There is a webtool implementation available at http://zipperplot.cmgg.be

Feel free to provide feedback/inform about issues by sending an email to: Francisco.AvilaCobos (at) UGent (dot) be

Citing the Zipper plot

If used, please cite our work:

Avila Cobos, F. et al. Zipper plot: visualizing transcriptional activity of genomic regions. BMC Bioinformatics 18, 231 (2017).

Step 1: Installing software requirements

BEDTools v2.26.0:

Option 1)

  • First: go to your browser and download:
https://github.com/arq5x/bedtools2/archive/6f9c61fa34c077082ca9f8785992f3804c210e5d.zip
  • Second: don't forget to move the .zip file you have just downloaded to the folder where you want to run the analysis (e.g. "your_folder").

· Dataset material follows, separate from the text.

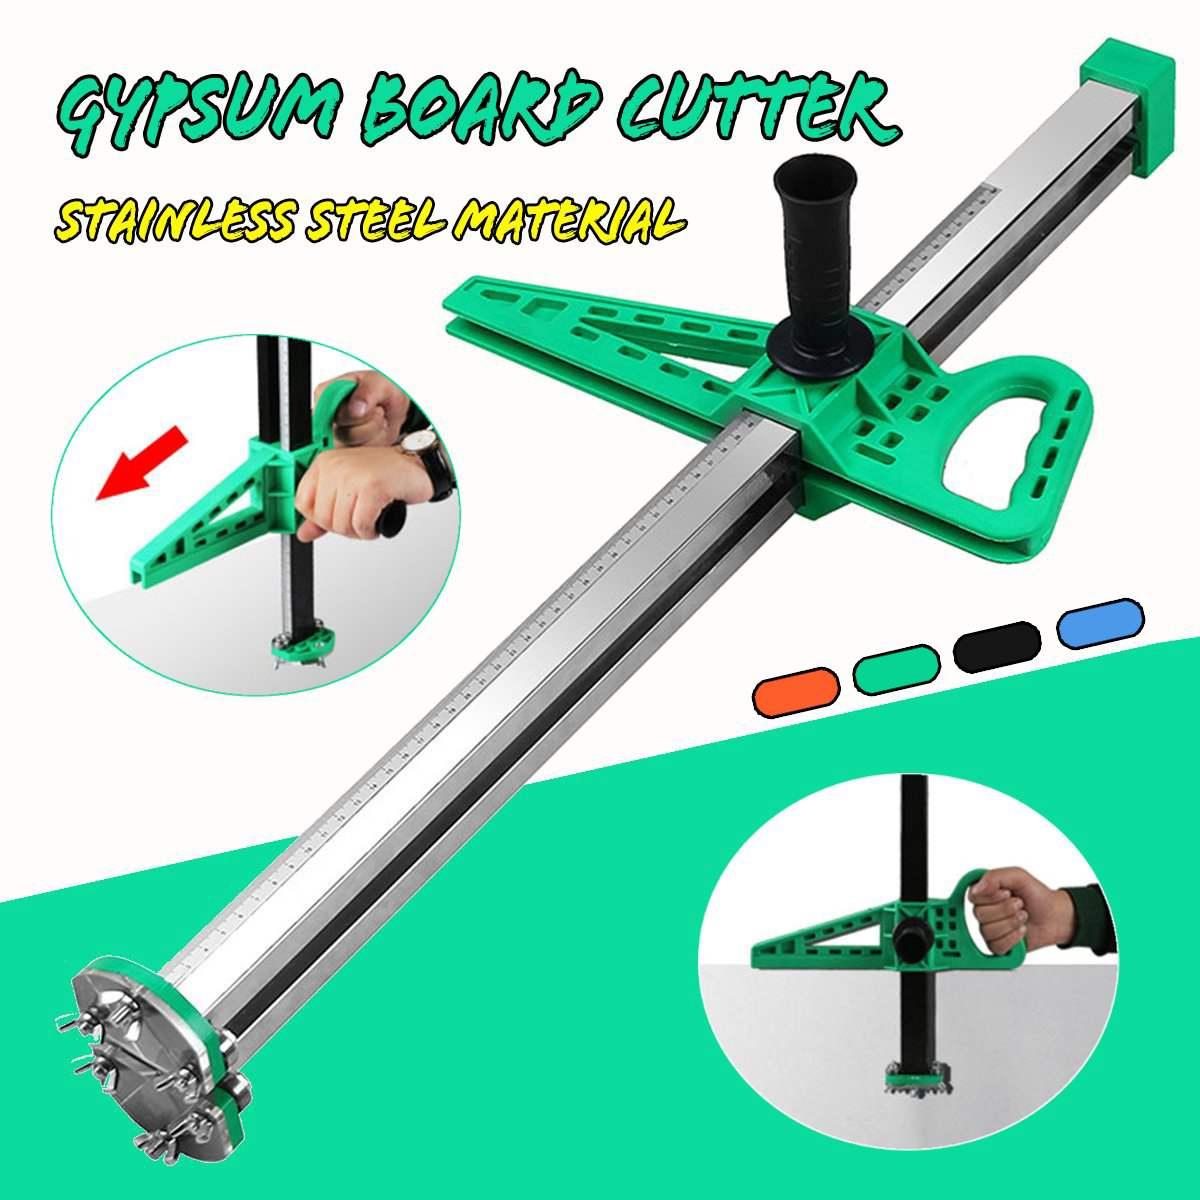 20-600mm Manual Gypsum Board Cutter Hand Push Drywall Artifact Tool Woodworking Cutting Board Tools Orange/Green/Black

  • Third: Type on the command line:

$ cd your_folder
$ unzip 6f9c61fa34c077082ca9f8785992f3804c210e5d.zip
$ cd bedtools2-6f9c61fa34c077082ca9f8785992f3804c210e5d
$ make
$ cd ..

NOTE: Once this is complete, the path to bedtools should be:

/your_folder/bedtools2-6f9c61fa34c077082ca9f8785992f3804c210e5d/bin/bedtools

Where "/your_folder/" could be, for example, "/Users/favilaco/Desktop/"

Option 2)

  • Type on the command line:
$ cd your_folder
$ wget https://github.com/arq5x/bedtools2/archive/6f9c61fa34c077082ca9f8785992f3804c210e5d.zip
$ unzip 6f9c61fa34c077082ca9f8785992f3804c210e5d.zip
$ cd bedtools2-6f9c61fa34c077082ca9f8785992f3804c210e5d
$ make
$ cd ..

NOTE: Once this is complete, the path to bedtools should be:

/your_folder/bedtools2-6f9c61fa34c077082ca9f8785992f3804c210e5d/bin/bedtools

Where "/your_folder/" could be, for example, "/Users/favilaco/Desktop/"

R packages:

NOTE: R version 3.3.1 should be already installed

Required packages: ggplot2_2.2.1, R.utils_2.5.0, data.table_1.10.4, gridExtra_2.2.1

  • Paste and run the following commands in R:
> packages <- c("ggplot2","R.utils","data.table","gridExtra")
> for (i in packages){ install.packages(i, character.only = TRUE)}

Step 2: Cloning the Zipper plot Github repository to your computer/server

Go to the folder in which you want to run your analysis and type on the command line:

$ cd your_folder
$ git clone https://github.com/favilaco/Zipper_plot

Step 3: Download the filtered and pre-processed input files:

Move to the folder Zipper_plot and, once you are there, download the following file by running the following on the command line:

$ cd your_folder/Zipper_plot
$ wget https://www.dropbox.com/s/t6g3fb8atcwjp8c/InputFiles_ZP.zip

Unzip "InputFiles_ZP.zip" from the command line, by running the commands:

$ unzip InputFiles_ZP.zip

Step 4: Preparing the input file with the correct format:

Please create a text file containing 4 tab separated columns as in this box (1 line per genomic feature):

chr1	17383802	-	lnc-name1
chr2	1936171	+	lnc-name2
...

NOTE: Please do not forget to include "chr" as part of your chromosome name.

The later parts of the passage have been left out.